Segment Start: Provided material
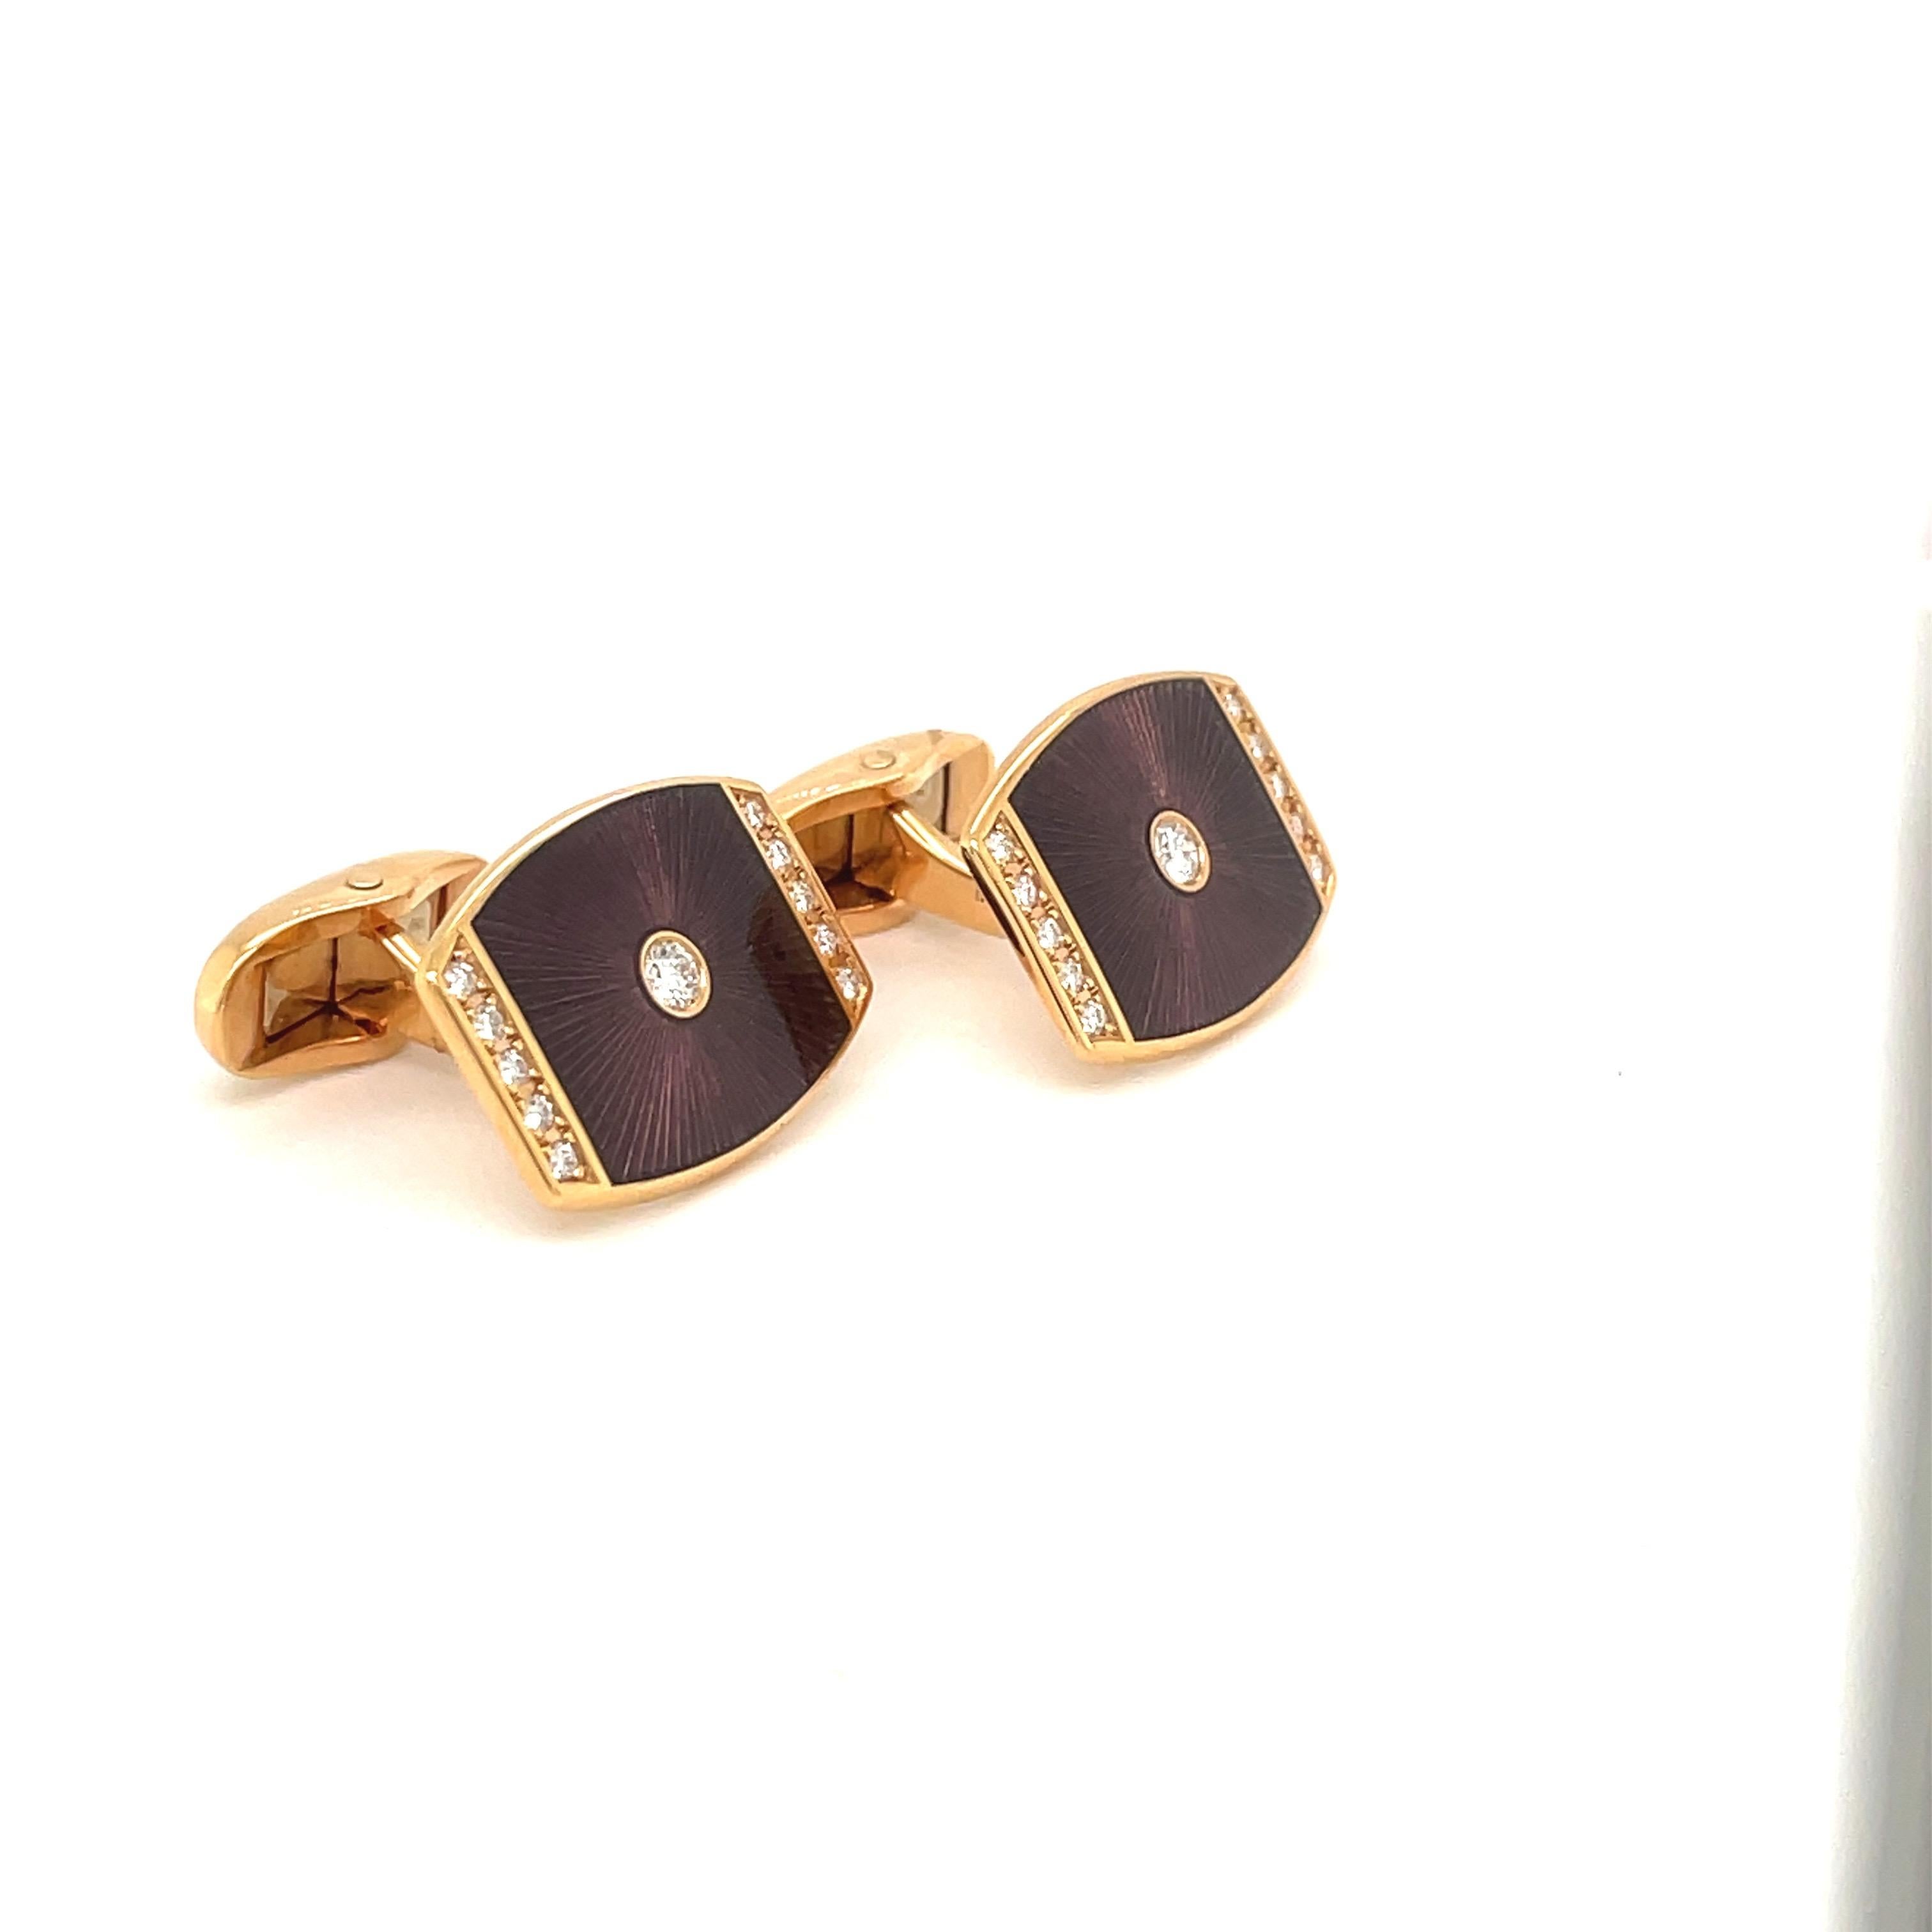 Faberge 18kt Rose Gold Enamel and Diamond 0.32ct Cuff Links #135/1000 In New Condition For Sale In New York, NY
Segment End: Provided material
Segment Start: Provided material
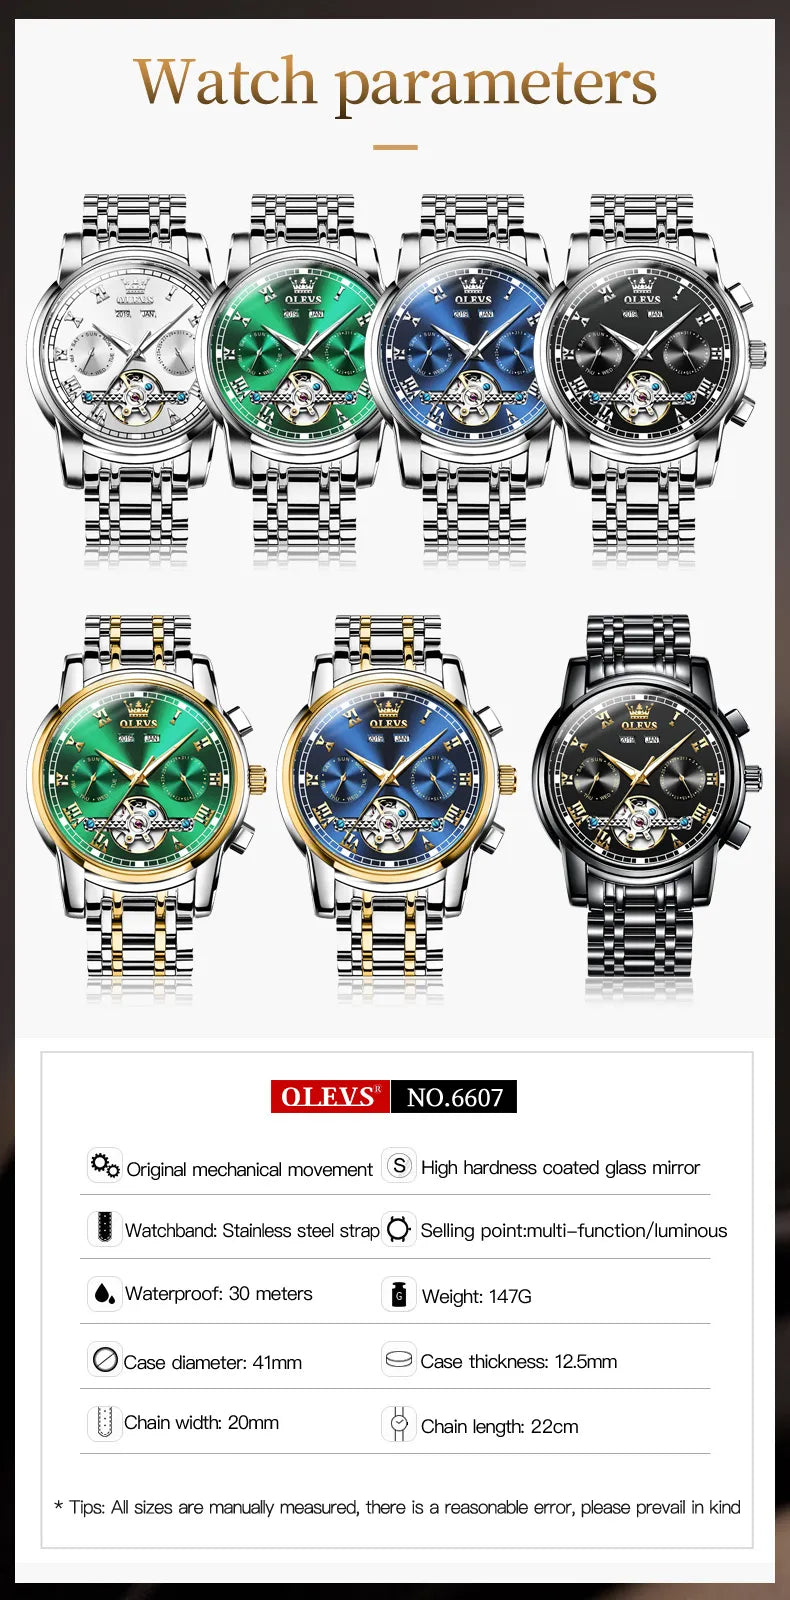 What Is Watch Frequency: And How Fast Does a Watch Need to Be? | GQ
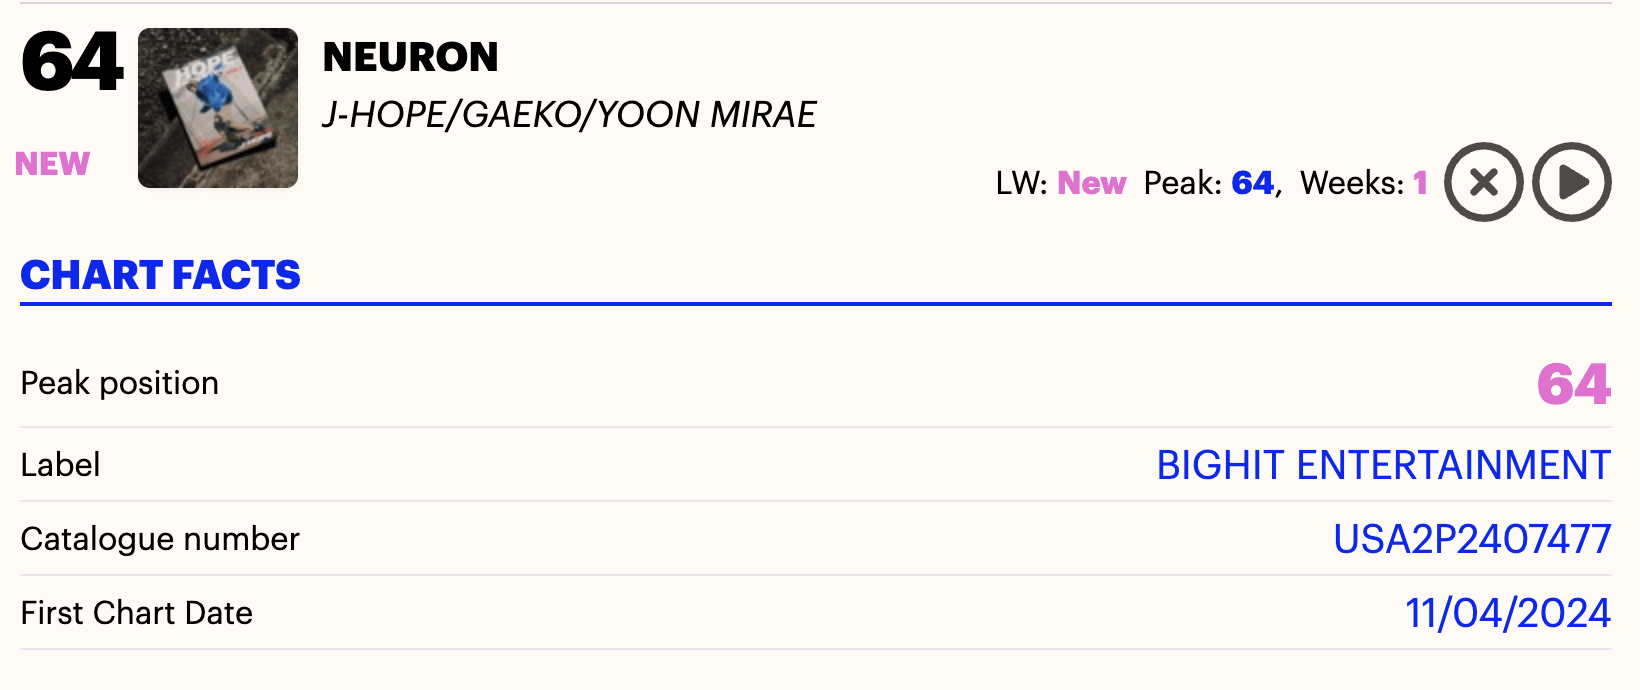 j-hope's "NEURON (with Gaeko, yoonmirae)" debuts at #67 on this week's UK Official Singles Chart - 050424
Segment End: Provided material
- [Exercise brief]: Above this task is a listing with pictures in it. Retype only the lines from the one containing "What Is Watch" through the one containing "Chart - 050424", both included, and not the pictures.

- [Solution below]:
 What Is Watch Frequency: And How Fast Does a Watch Need to Be? | GQ
 j-hope's "NEURON (with Gaeko, yoonmirae)" debuts at #67 on this week's UK Official Singles Chart - 050424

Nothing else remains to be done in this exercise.